For each potential cause, suggest a specific command I can run in the
failing environment to confirm or rule it out.

Tips: - Environment bugs are among the hardest to debug because the AI cannot see your environment. Providing explicit environment differences makes up for this limitation. - "Specific command to confirm or rule it out" gives you an action plan. Run the commands, paste the results back, and the AI can narrow down the cause. - Configuration files often contain the answer. Paste both working and failing configs so the AI can diff them.

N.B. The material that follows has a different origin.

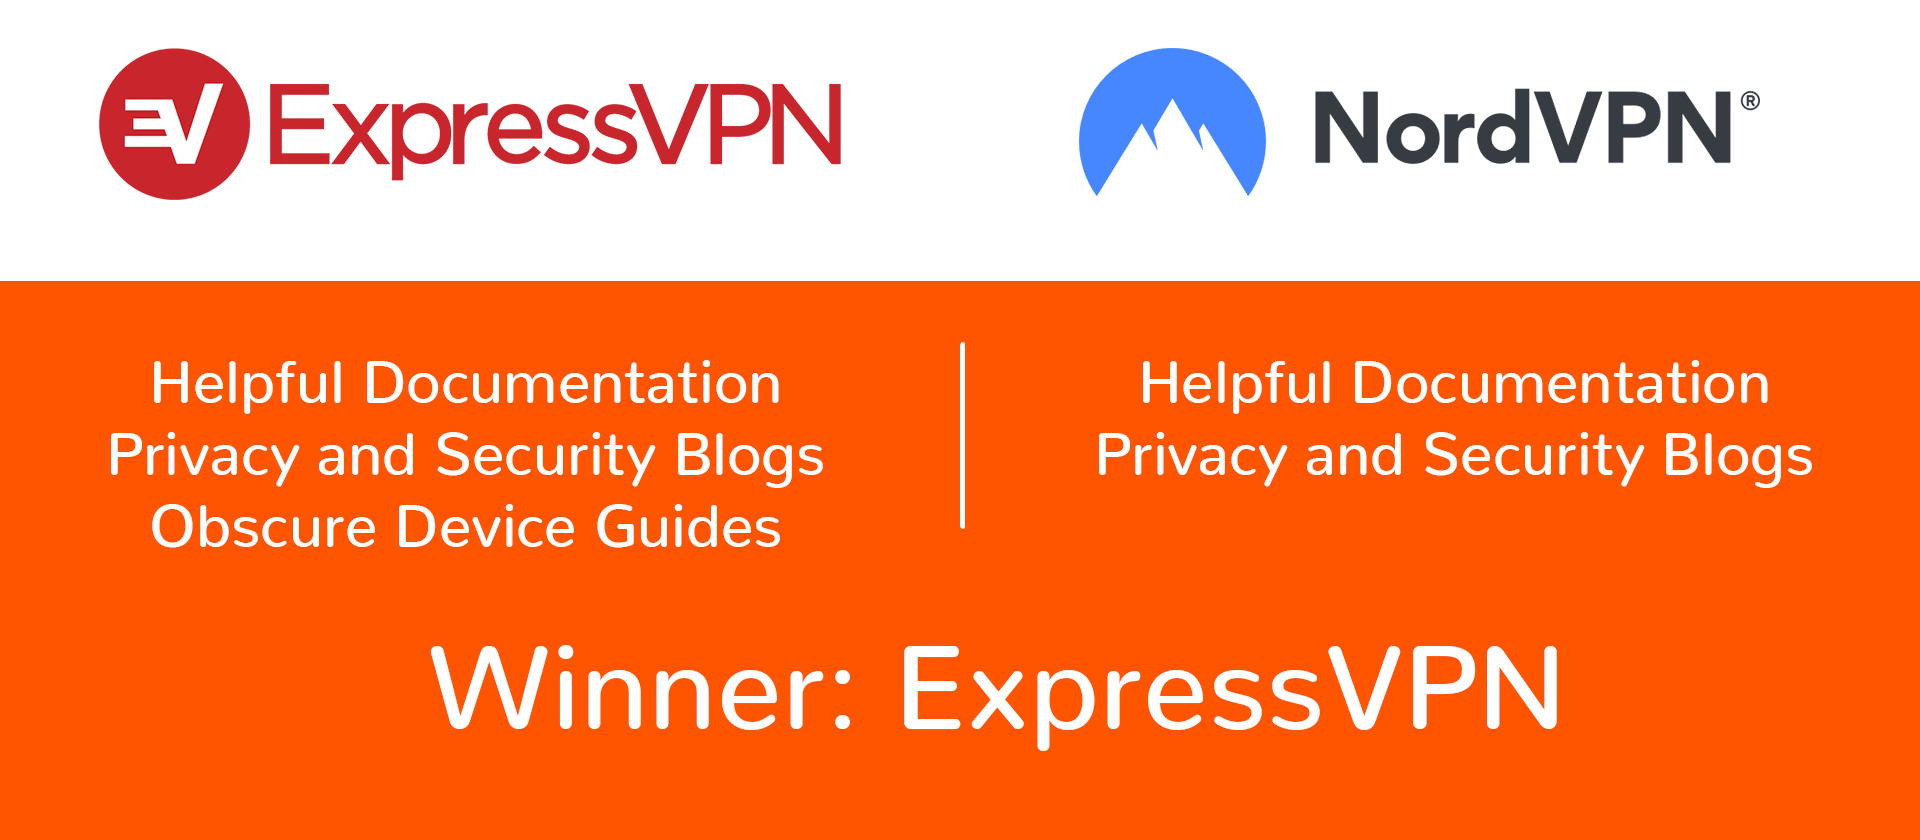 expressvpn vs nordvpn documentation and blogs
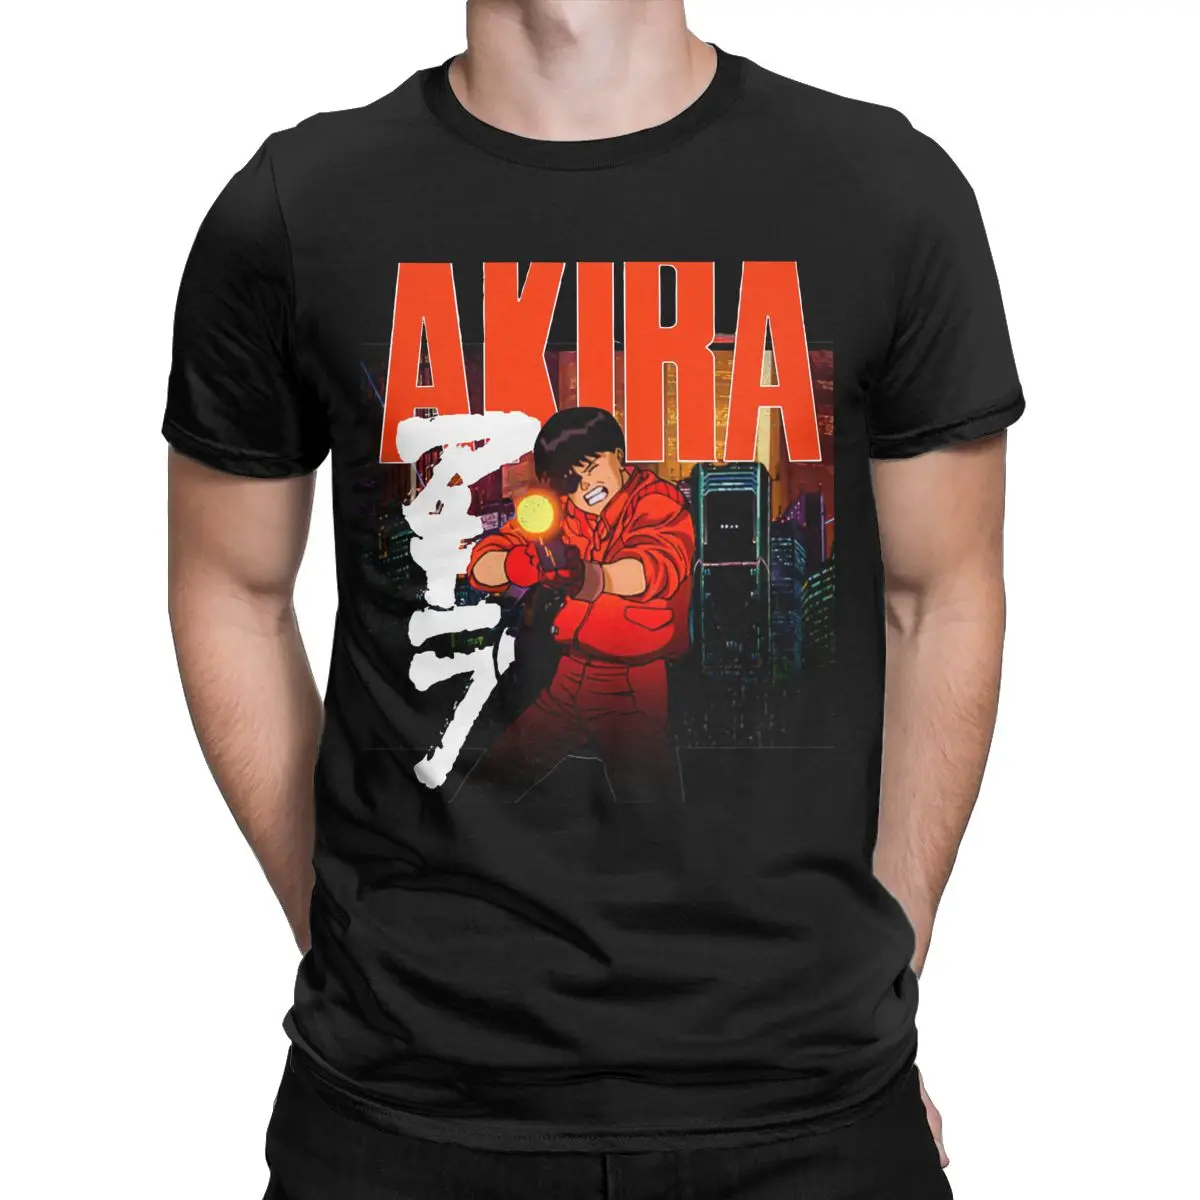 

Akira Japanese City Explosion t shirt for men Pure Cotton Funny T-Shirts Crew Neck anime Tee Short Sleeve Clothing Gift Idea

Prompt 5: Log-Based Debugging

When to use: The error is intermittent or the stack trace is unhelpful. You need to work from logs.

Pattern: Error Escalation + Review Ruthlessly

I have an intermittent issue: {brief description}.

It happens approximately {frequency, e.g., 5% of requests} under
{conditions, e.g., high load, specific data patterns}.

Here are the relevant logs from a successful request:
---
{Paste logs from a working case}
---

Here are the relevant logs from a failing request:
---
{Paste logs from a failing case}
---

Compare the two log sequences and:

1. Identify where the failing request diverges from the successful one
2. List what data or state differs at the divergence point
3. Suggest what additional logging would help isolate the root cause
   (include the exact log statements and where to place them)
4. Hypothesize what conditions trigger the failure based on the patterns

If the current logs are insufficient for diagnosis, tell me exactly
what additional information to capture and I'll provide it.

Tips: - Side-by-side log comparison (working vs failing) is one of the AI's strongest debugging capabilities. It excels at pattern matching across structured text. - "What additional logging would help" is the practical next step when logs are insufficient. The AI can suggest targeted instrumentation that you would add and then rerun. - For intermittent issues, frequency and conditions are essential context. "5% of requests under high load" suggests a very different root cause than "every third request regardless of load."


The Escalation Ladder Summary

Step Action When
1 Share error, let AI fix First failure
2 Add context, request different approach Same error persists
3 Request diagnostic, take over manually Two fixes failed
-- Human takes the wheel Three strikes reached

Know when to let AI iterate and when to step in. The cost of the fourth attempt exceeds the cost of debugging it yourself.